Supervisors :
Cendrine Moskalenko et Fabien Montel (fabien.montel@ens-lyon.fr)
Laboratoire de Physique de l’ENS de Lyon,
Vincent Vanoosthuyse (vincent.vanoosthuyse@ens-lyon.fr)
Laboratoire de Biologie et de Modélisation de la Cellule, ENS de Lyon,).

Several activities, although essential for cell function, threaten the integrity of the somatic cell genome. Gene transcription, which produces messenger RNA from DNA, is one of these. By moving across the DNA to transcribe RNA, RNA polymerases can introduce distortions in the DNA double helix that can generate deleterious secondary structures. By interfering with primordial cellular functions such as transcription, DNA duplication or repair, these RNA-DNA secondary structures can compromise cell survival.
The 'R-loop' is one of the structures that locally distorts the double helix and has the ability to compromise chromosome integrity. It is a three-stranded structure resulting from the abnormal hybridisation of nascent RNA to its DNA template. Recent data have shown that only a small proportion of R-loops are cytotoxic. The intrinsic properties of these cytotoxic R-loops remain poorly understood. The objective of this project is to use a multidisciplinary biological/physical approach to better characterise and manipulate the physical properties of cytotoxic R-loops.

In a previous study the teams of V. Vanoosthuyse and C. Moskalenko showed that R-loops differ from each other in vitro by their 3D organisation [1]. Using atomic force microscopy (AFM), the team showed that the synthesis of a model cytotoxic R-loop results in the formation of complex structures of several hundred nm3 in volume containing several hundred nucleotides, whose physical properties are essentially determined by the 3D organisation of its single-stranded DNA and which constrain the surrounding DNA. Unexpectedly, for the same gene, the formation of R-loops can generate different structures. Similarly, sequencing of R-loops at the single-molecule level showed that the same gene could produce R-loops of different sizes. These observations suggested that each transcription cycle may generate a different type of R-loop, exposing a specific amount of single-stranded DNA.

It appears essential to determine precisely the thermodynamic and kinetic characteristics of these structures to better understand and predict their dynamics and stability. To do this, it is necessary to be able to determine the exact sequence of the single-stranded DNA involved in each structure observed.

Artificial and natural nanopores have been used in recent years as real molecular probes. The team from the Physics Laboratory of the ENS in Lyon is developing tools based on nanofluidics to study the dynamics of biomolecules.

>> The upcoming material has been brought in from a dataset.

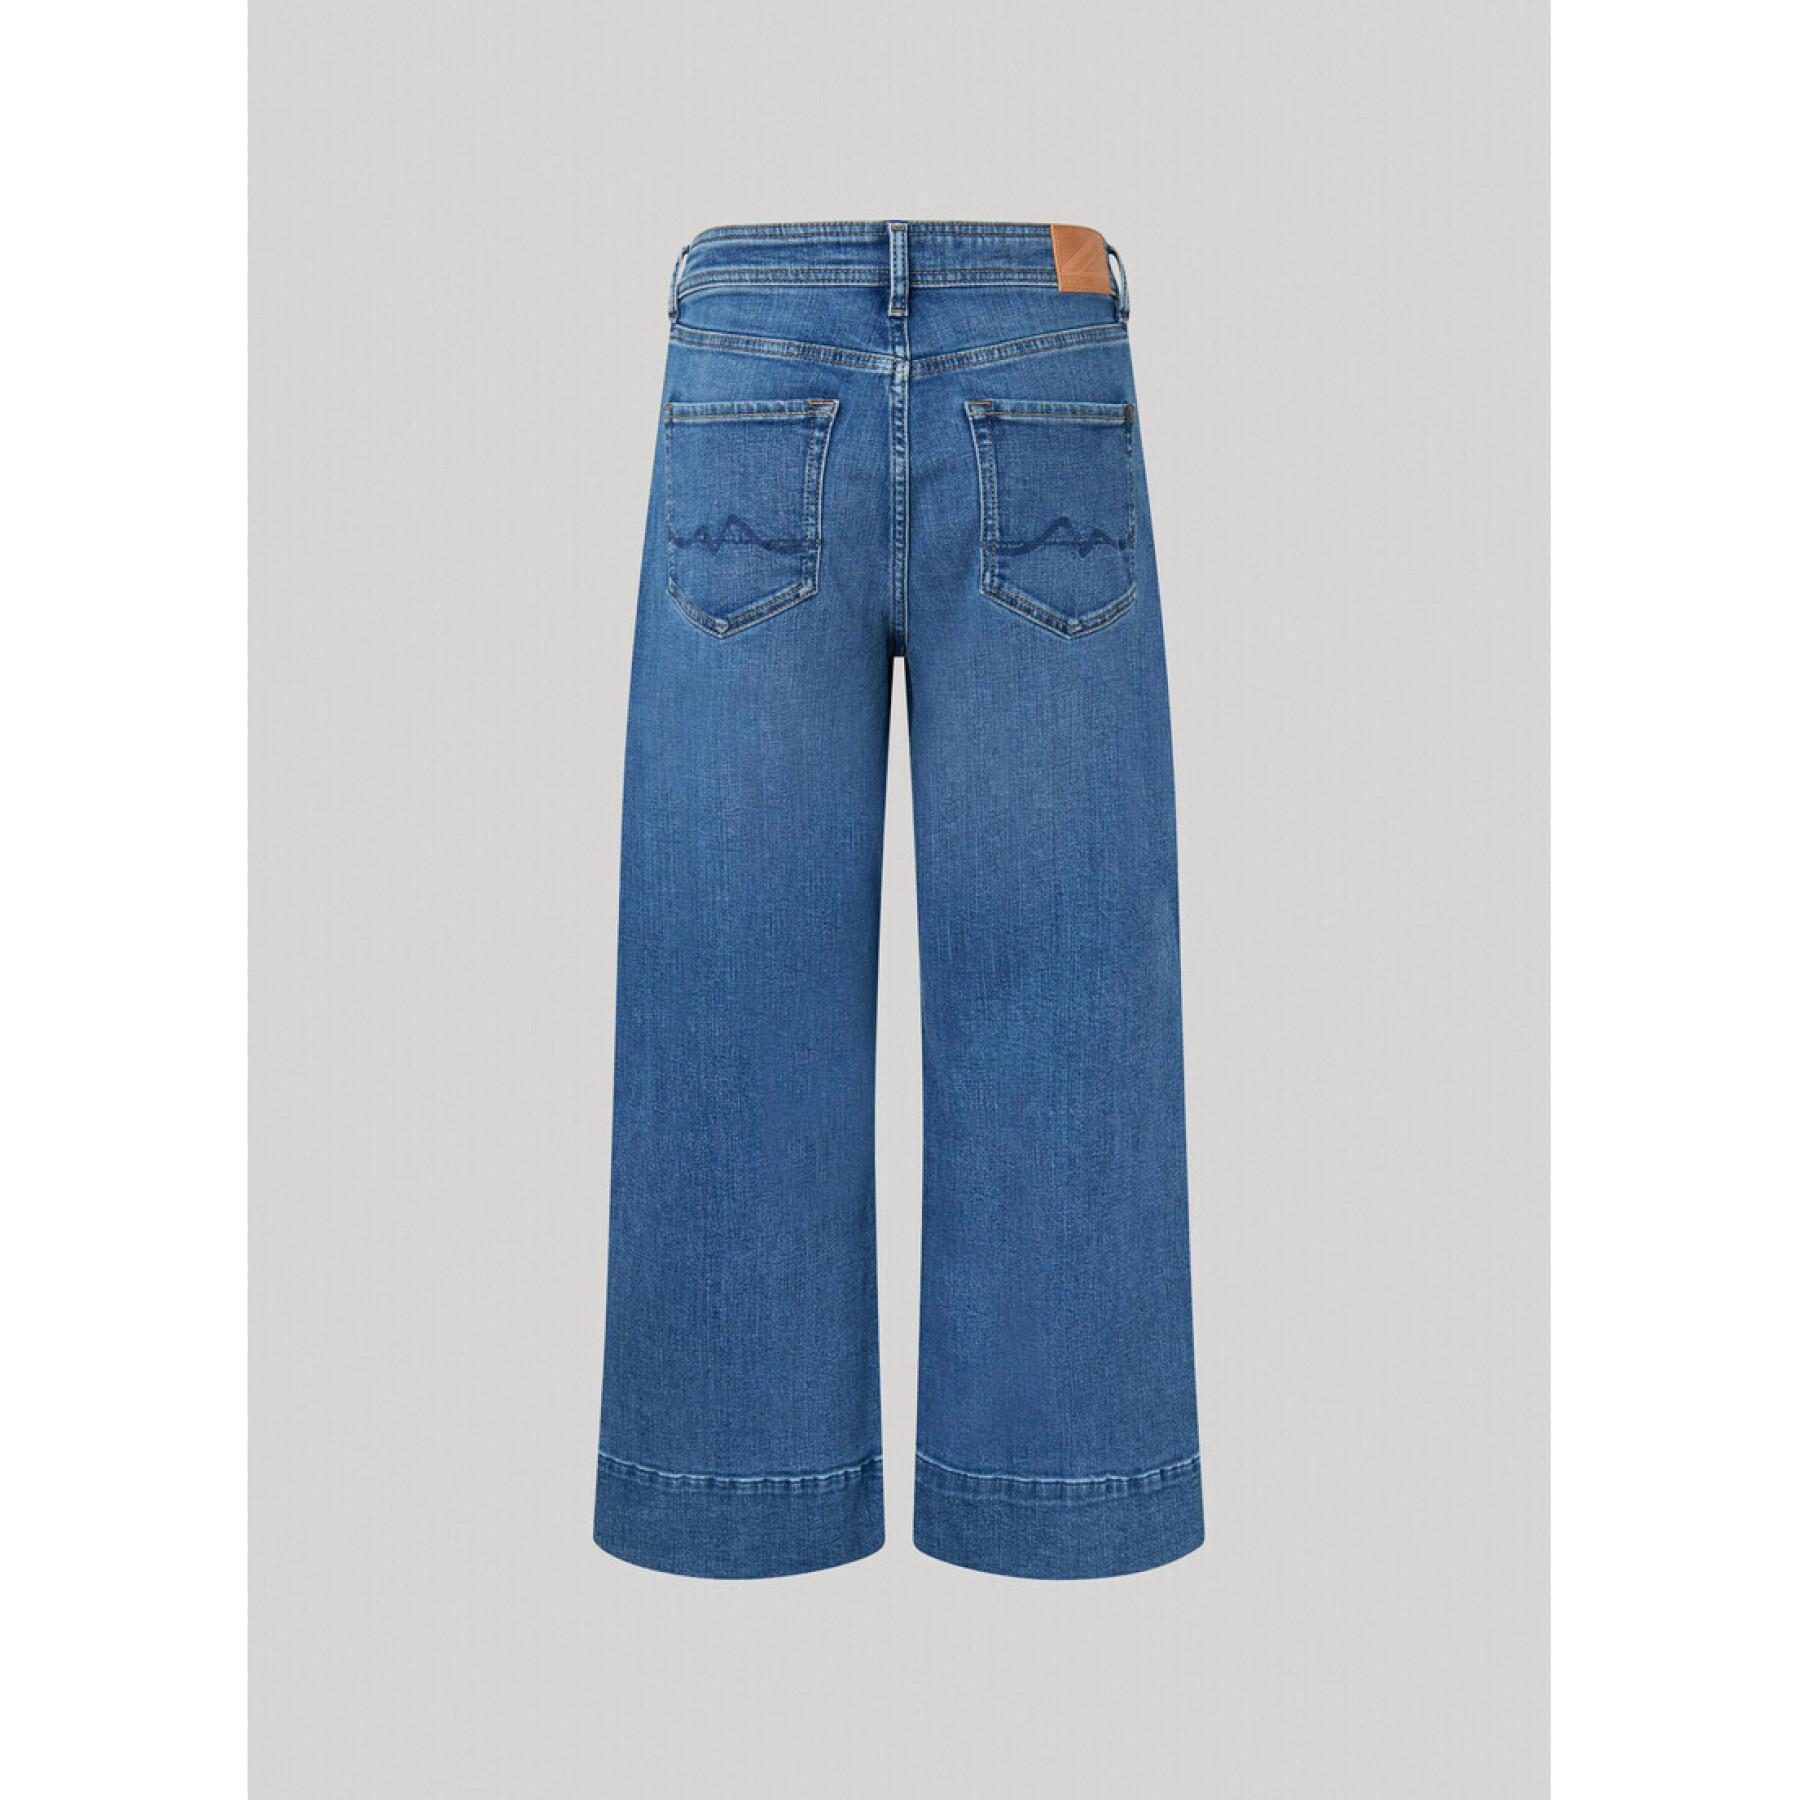 Women's jeans Pepe Jeans Lucy

They have constructed an optical detection method that allows the transport of individual molecules through single nanopores to be followed in real time (Zero-Mode Waveguide for Nanopores). These tools have enabled them to measure the transport energy landscape for DNA or RNA molecules [2,3,4,5] and viruses [6]. In addition, the team has just acquired a unique in France system coupling multi-trapping optical tweezers, a confocal microscope and a microfluidic control. For this project, it will allow us to measure the forces necessary to induce the translocation of biomolecules and the destabilisation of RNA-DNA complexes. It will also allow to quantify the variability of the structures obtained during destabilisation/reformation cycles.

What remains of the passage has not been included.